Hans Bethe made one of the most important discoveries in the history of science. Naturally upon hearing what Hans wrought, your Mr. Average on the street will shrug his shoulders, flip on the remote, take another swig of his Bud Lite, and continue watching the playoffs.
What Hans discovered was that in massive stars (that is, bigger than the sun), carbon - good old fashioned carbon (what this drawing was made from) - steps in as a catalyst to power the fire. It's not just simply smashing hydrogen together to form helium (although ultimately that's what happens). Therefore the star could burn far easier - and longer - than the piddly few million years it would burn without the now-called carbon/nitrogen cycle.
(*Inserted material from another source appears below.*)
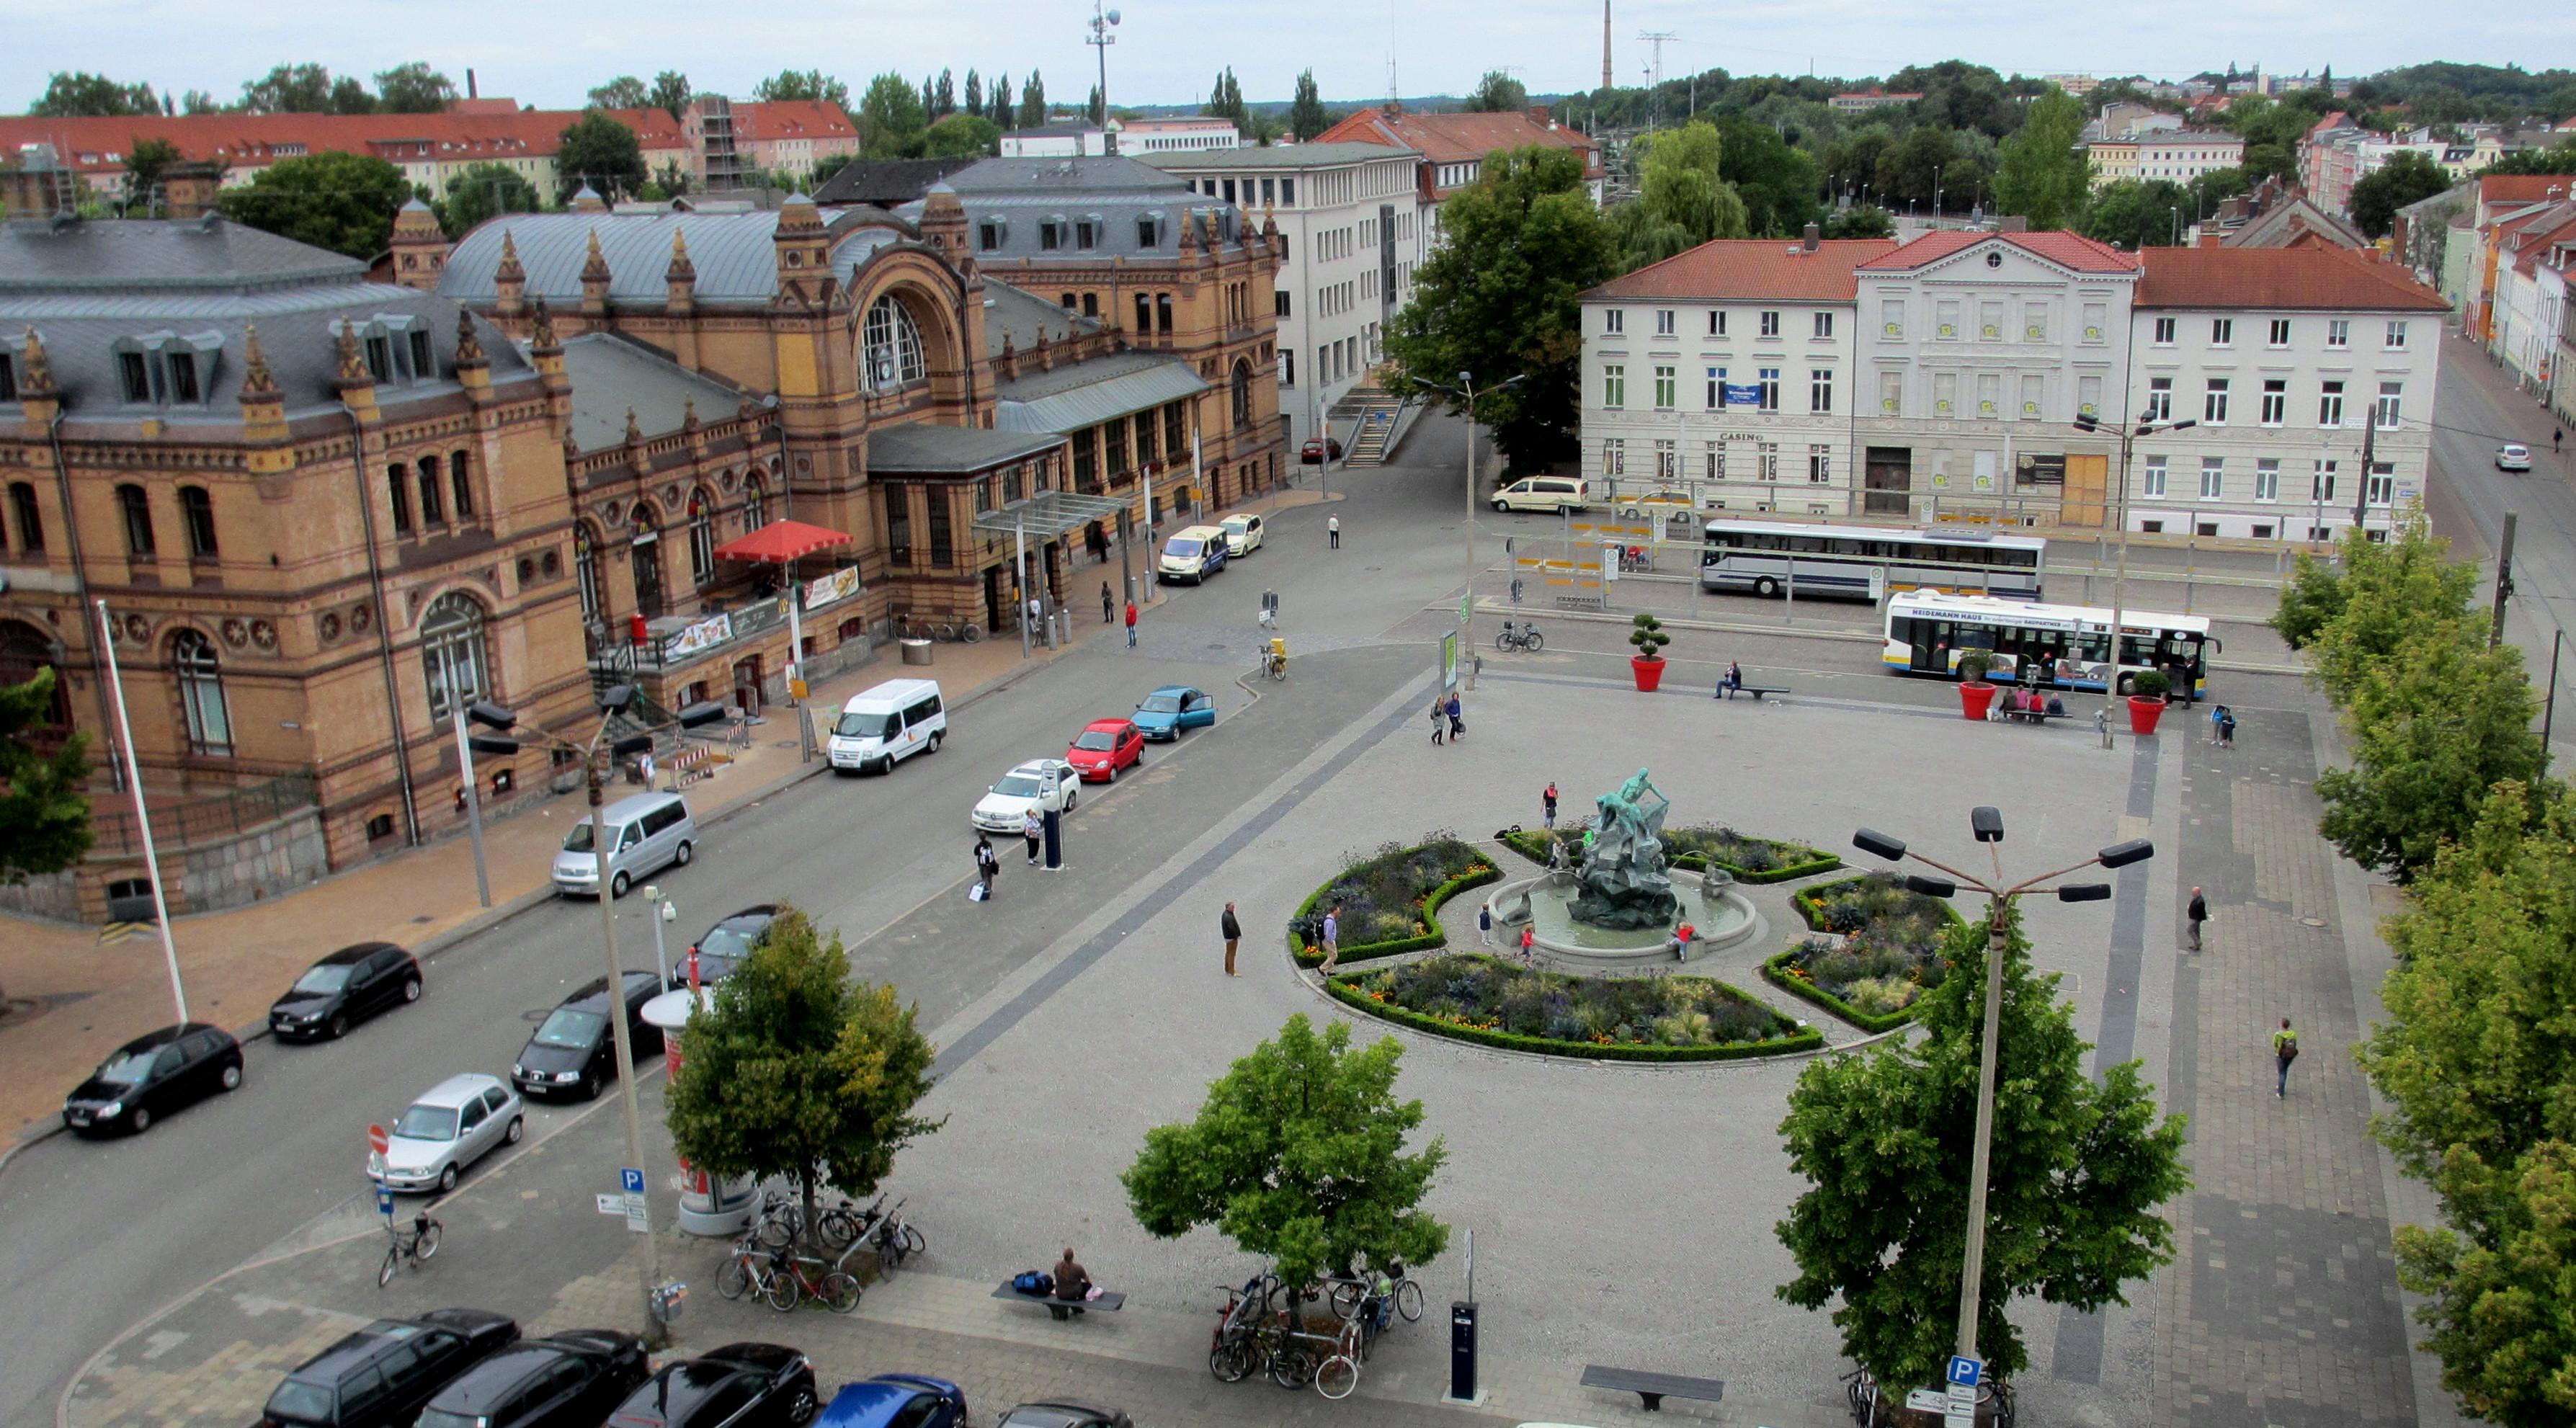 Grunthalplatz Schwerin

Hans, whose mother was Jewish, left Germany in 1933. However, his mom couldn't get out without paying a $250 fee, technically speaking to release her furniture. Hans had submitted his paper about the carbon cycle to The Physical Review but he learned there was a $500 prize for the best "unpublished" paper in physics. So he asked the editor to send the paper back. He won the prize and sent the money to his mom so she could get out.
Largely credited with making Cornell a major department in physics, Hans was head of the physics division at Los Alamos for the Manhattan Project in World War II. After the war he became a moderating voice in the debate on nuclear development. Theoretical work on the hydrogen bomb should continue, he thought, and with the how-to knowledge in place, the West should negotiate with the Soviet Union to stop the actual building and manufacture of the arsenals. Would it have worked? Probably not, but it was a good enough idea.
Like most of the world class scientists, Hans could never retire and kept working well into his 90's. In the last decade of the 20th century, he kept right on doing calculatons - on a slide rule.
References
The Making of the Atomic Bomb, Richard Rhodes, Simon and Schuster, (1987). Hans was a major source for this book and features prominently.